According to an embodiment of the disclosure, an electronic apparatus comprising a memory, and at least one processor is provided. The one or more processor is configured to execute the instructions to select registered audio information associated with a user based on a bone conduction (BC) signal. The one or more processor is configured to execute the instructions to extract a second audio signal corresponding to the user from a first audio signal based on the registered audio information associated with the user. The one or more processor is configured to execute the instructions to process the at least one from among the extracted second audio signal and a portion of the first audio signal which does not contain the second audio signal.

According to an embodiment of the disclosure, a non-transitory computer-readable storage medium storing instructions is provided. The instructions may be executed by at least one processor, cause the at least one processor to determine registered audio information associated with a user based on a bone conduction (BC) signal. The instructions may be executed by at least one processor, cause the at least one processor to extract a second audio signal corresponding to the user from a first audio signal based on the registered audio information associated with the user. The instructions may be executed by at least one processor, cause the at least one processor to process the at least one from among the extracted second audio signal and a portion of the first audio signal which does not contain the second audio signal.

BRIEF DESCRIPTION OF THE DRAWINGS

The above and other aspects will be more apparent from the following description of example embodiments in conjunction with the accompanying drawings, in which:

FIG. 1 illustrates a schematic diagram of a voice filter network structure according to example embodiments of the disclosure.

FIG. 2 illustrates a schematic diagram of a main flow of a voice extraction network according to example embodiments of the disclosure.

FIG. 3 illustrates a flowchart of a method performed by an electronic apparatus according to example embodiments of the disclosure.

FIG. 4 illustrates a difference between a bone conduction signal and an air conduction signal according to example embodiments of the disclosure.

FIG. 5 illustrates an internal block diagram of an extracted voice quality evaluation module according to example embodiments of the disclosure.

FIG. 6 illustrates a workflow diagram of an extracted voice quality evaluation according to example embodiments of the disclosure.

FIG. 7 illustrates a schematic diagram of offline training according to example embodiments of the disclosure.

FIG. 8 illustrates a diagram of a matching principle of a bone conduction signal and an extracted audio signal according to example embodiments of the disclosure.

FIG. 9 illustrates the sound and spectrum of an air conduction signal and a bone conduction signal according to example embodiments of the disclosure.

FIG. 10 illustrates an internal block diagram of a real-time imperceptible registration module according to example embodiments of the disclosure.

FIG. 11 illustrates a schematic diagram of generating updated registered audio information of a user according to example embodiments of the disclosure.

FIG. 12 illustrates a workflow diagram of updating registered audio information of a user according to example embodiments of the disclosure.

FIG. 13 illustrates a diagram of an encoder module according to example embodiments of the disclosure.

FIG. 14 illustrates a network flowchart of an encoder module according to example embodiments of the disclosure.

FIG. 15 illustrates a diagram of a decoder module according to example embodiments of the disclosure.

FIG. 16 illustrates a network flowchart of a decoder module according to example embodiments of the disclosure.

FIG. 17 illustrates a schematic block diagram of an electronic apparatus according to example embodiments of the disclosure.

FIG. 18 illustrates a block diagram of an electronic apparatus according to example embodiments of the disclosure.

DETAILED DESCRIPTION

Hereinafter, example embodiments are described with reference to the accompanying drawings, in which like reference numerals are used to depict the same or similar elements, features, and structures.
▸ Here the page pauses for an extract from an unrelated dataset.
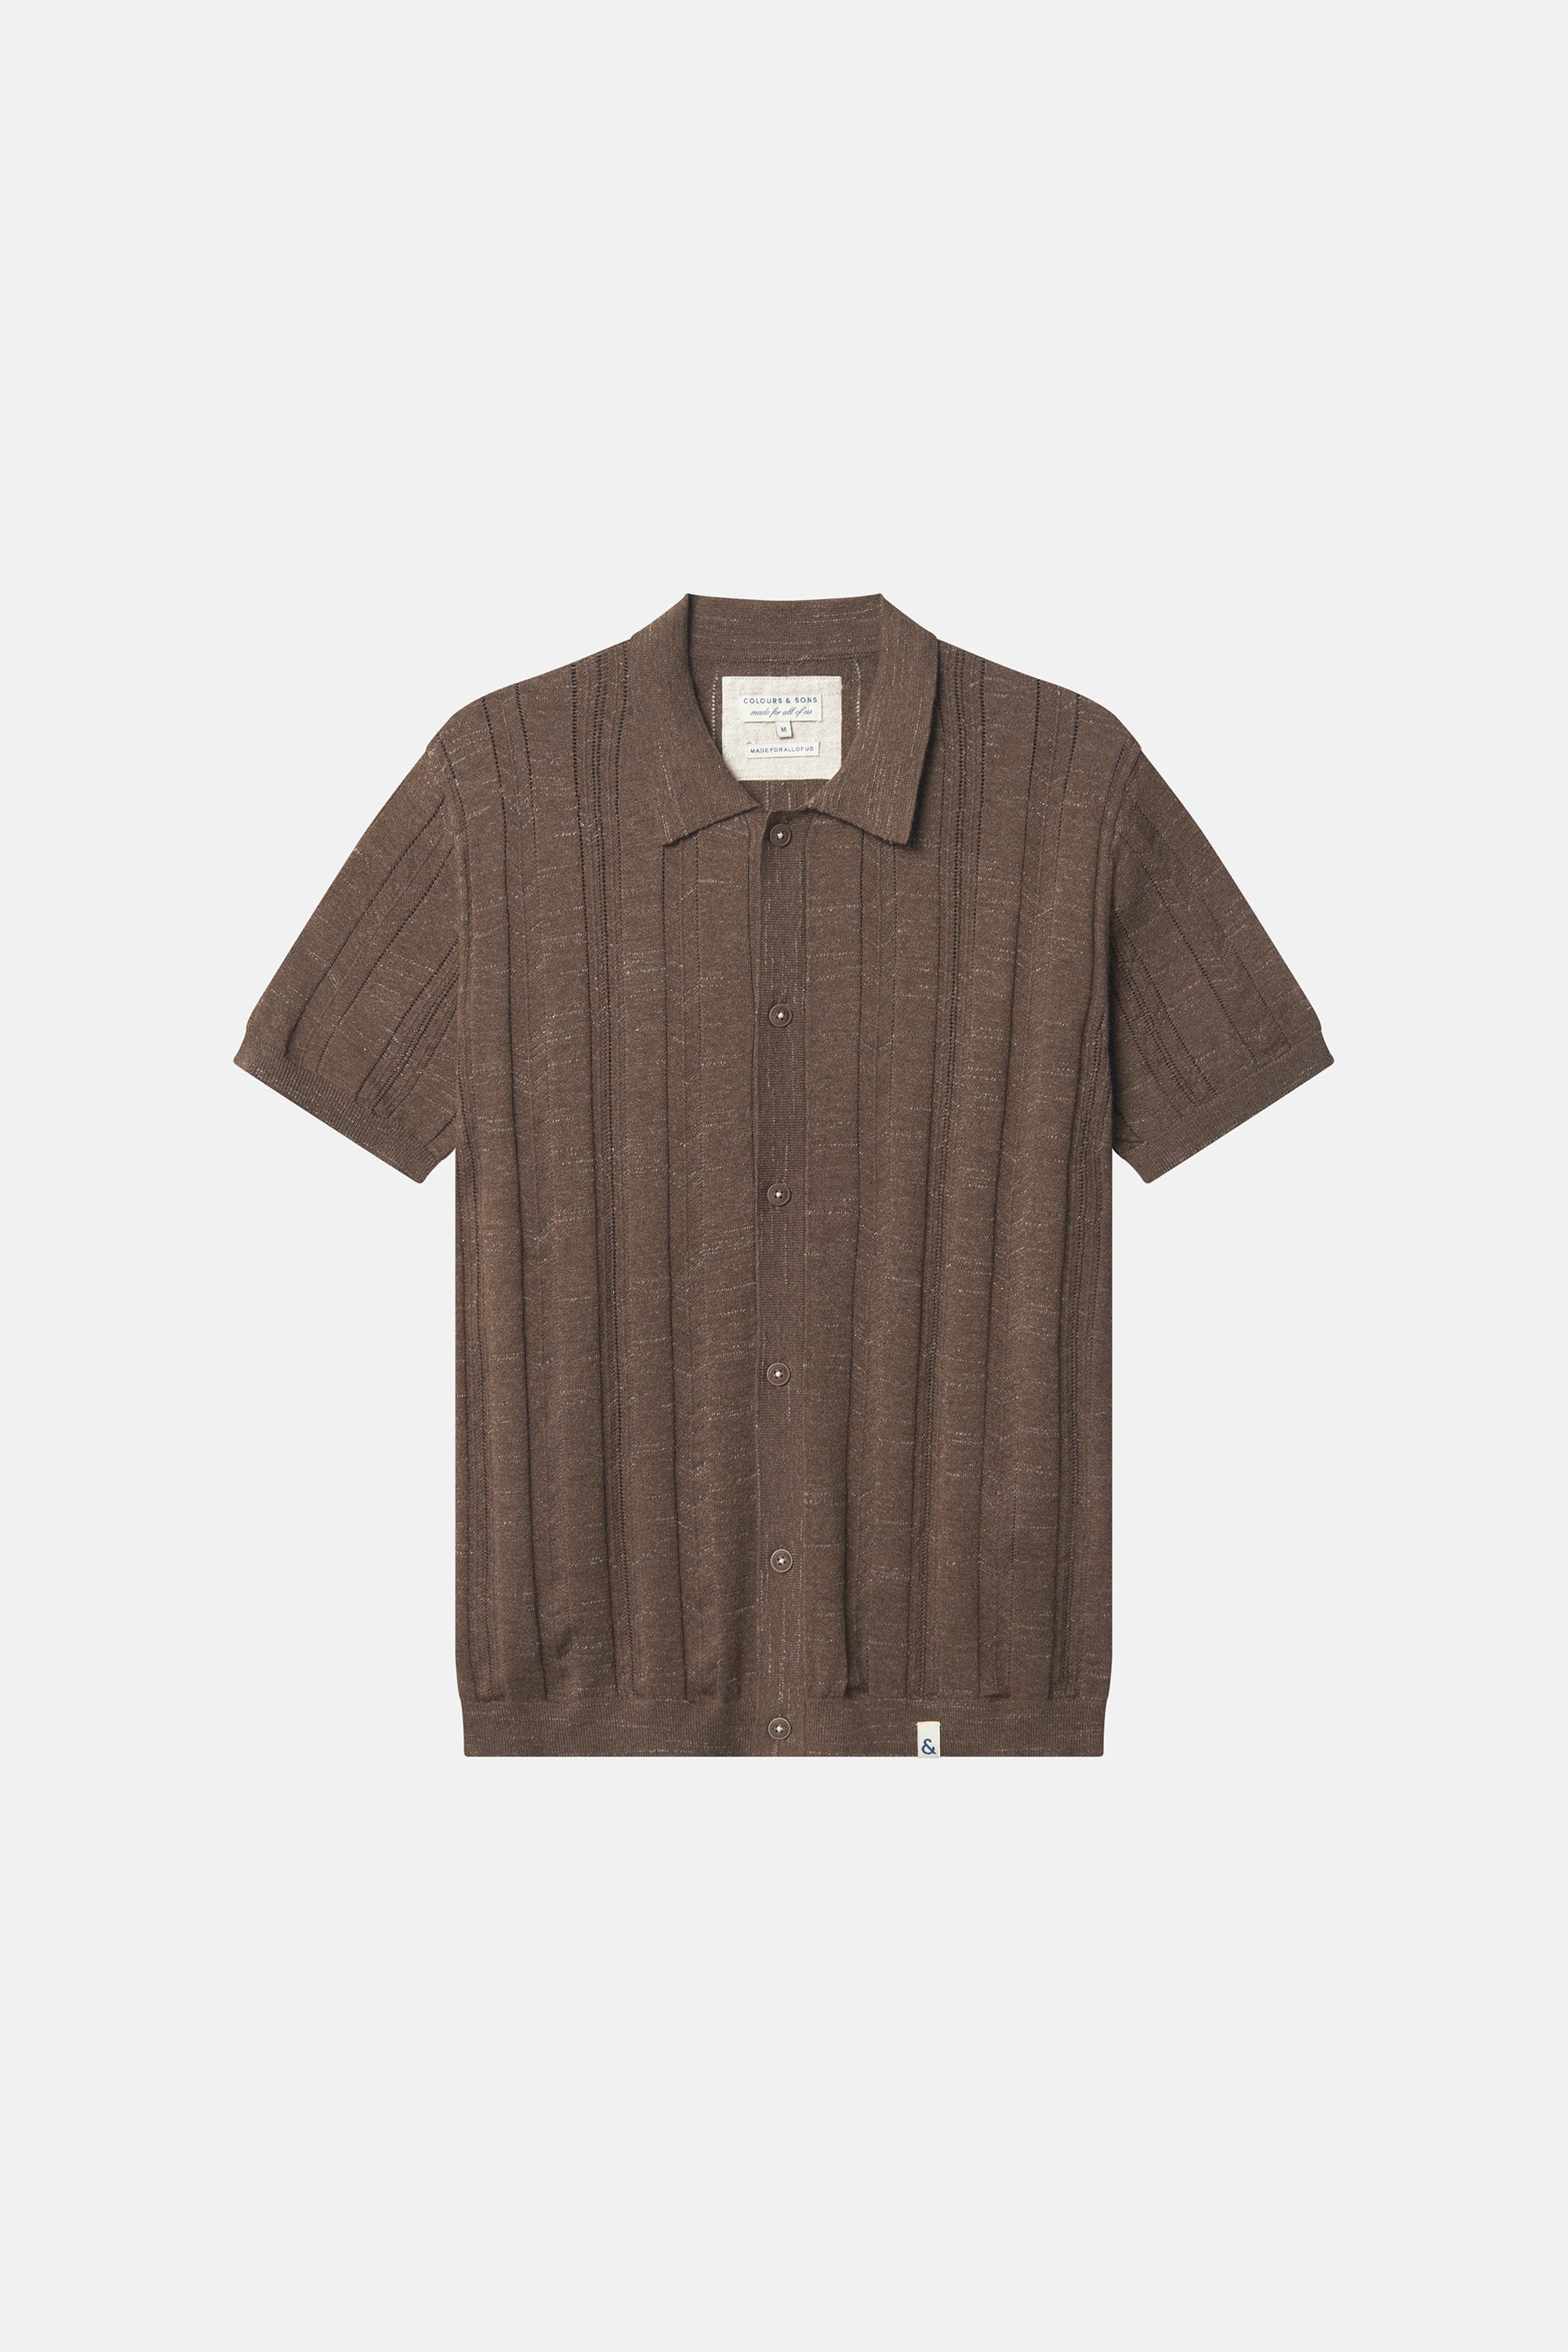 Herren Strick Hemd, braun, aus 80% Baumwolle 20 % Recyceltem Polyester von Colours & Sons
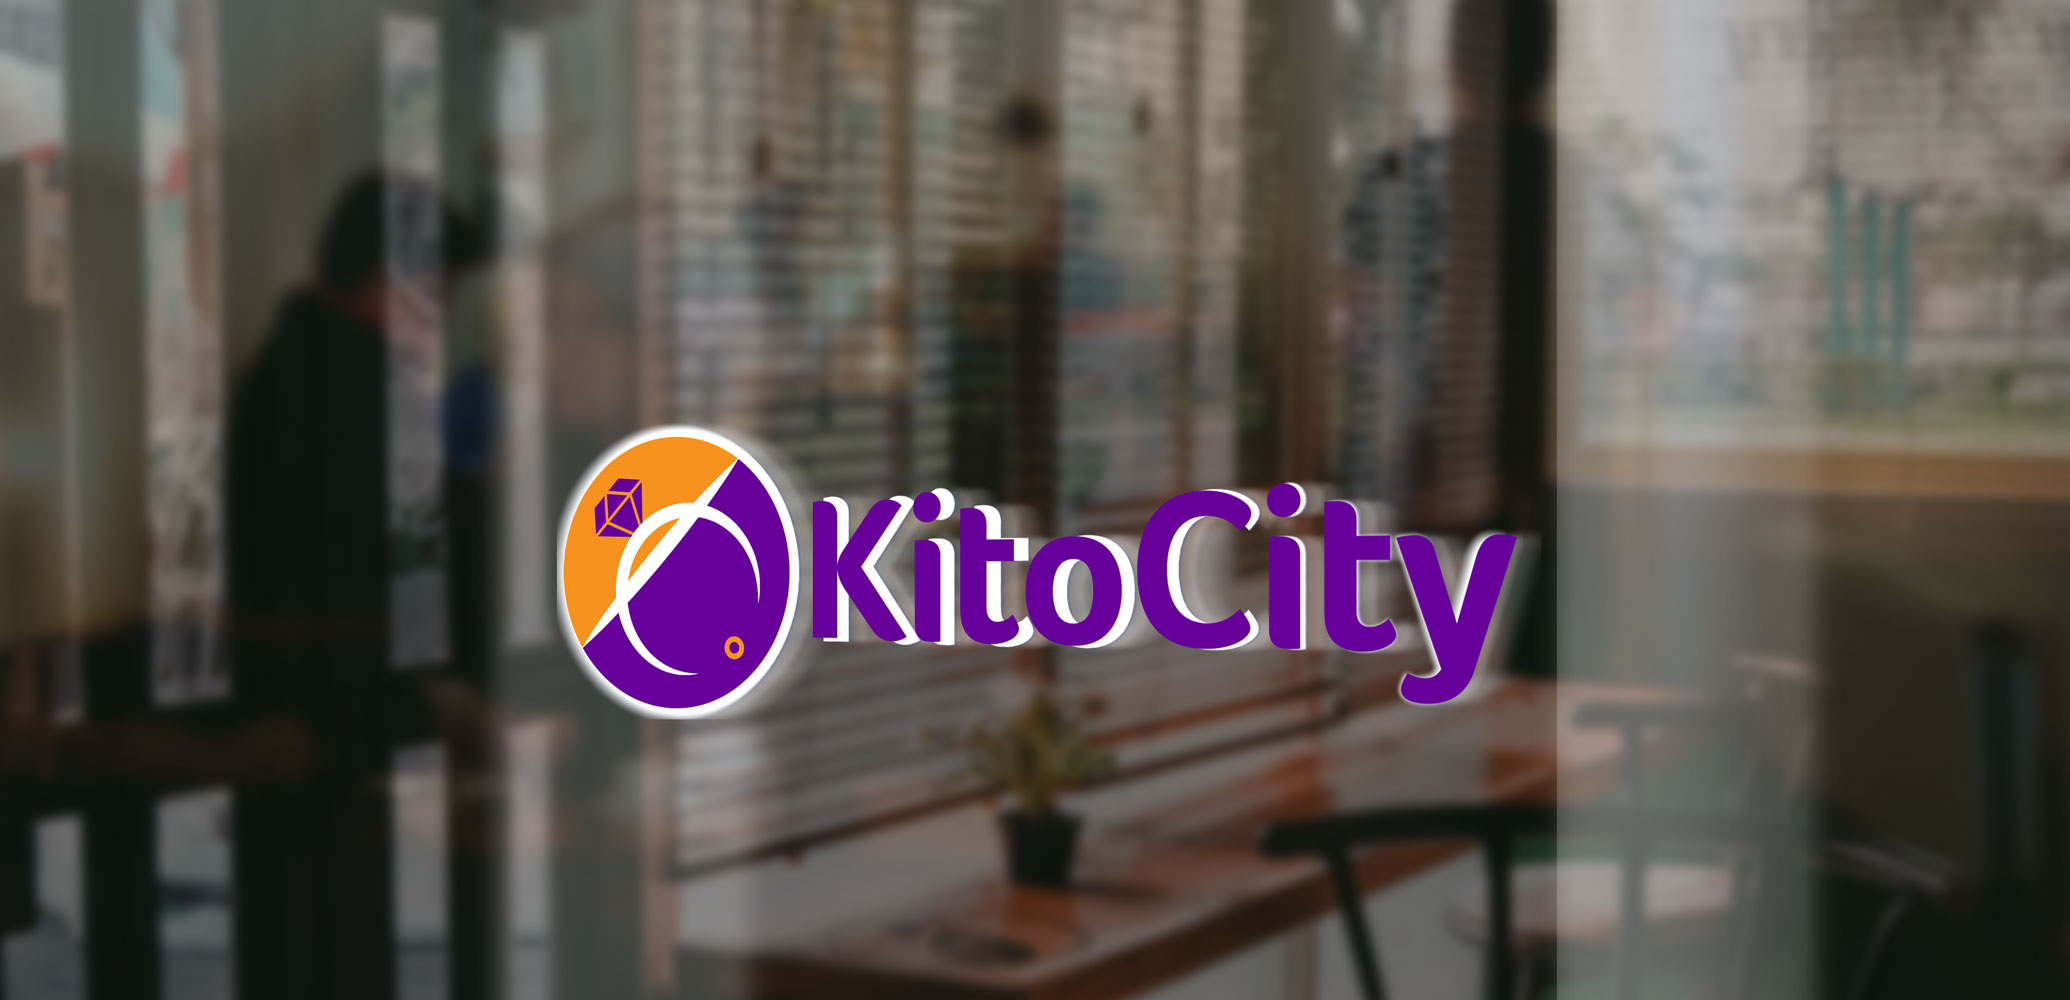 Kito City Contacts

Embodiments described herein are example embodiments, and thus, the present disclosure is not limited thereto, and may be realized in various other forms. Each example embodiment provided in the following description is not excluded from being associated with one or more features of another example or another example embodiment also provided herein or not provided herein but consistent with the present disclosure.

As used herein, the terms “1st” or “first” and “2nd” or “second” may use corresponding components regardless of importance or order and are used to distinguish a component from another component without limiting the components. It will be also understood that, although in example embodiments related to methods or flowcharts, a step or operation is described later than another step or operation, the step or operation may be performed earlier than the other step or operation unless the step or operation is described as being performed after the other step or operation. The example embodiments described herein do not represent all example embodiments that are consistent with the disclosure. Rather, the described example embodiments are examples of devices and methods that are consistent with some aspects of the disclosure, as detailed in the appended claims.

Expressions such as “at least one of” when preceding a list of elements, modify the entire list of elements and do not modify the individual elements of the list. For example, the expression, “at least one of a, b, and c,” should be understood as including only a, only b, only c, both a and b, both a and c, both b and c, or all of a, b, and c.

Extracting target voice from interfering sounds is a technique which may be used in many voice-related applications such as a voice call, automatic speech recognition (ASR), a voice search, voice conferencing, etc. According to embodiments of the present disclosure, a voice extraction may be performed using a voice filter, for which a user may pre-execute a voice registration in quiet environment to obtain the user's voice feature, and then the user's voice may be extracted from mixed audio.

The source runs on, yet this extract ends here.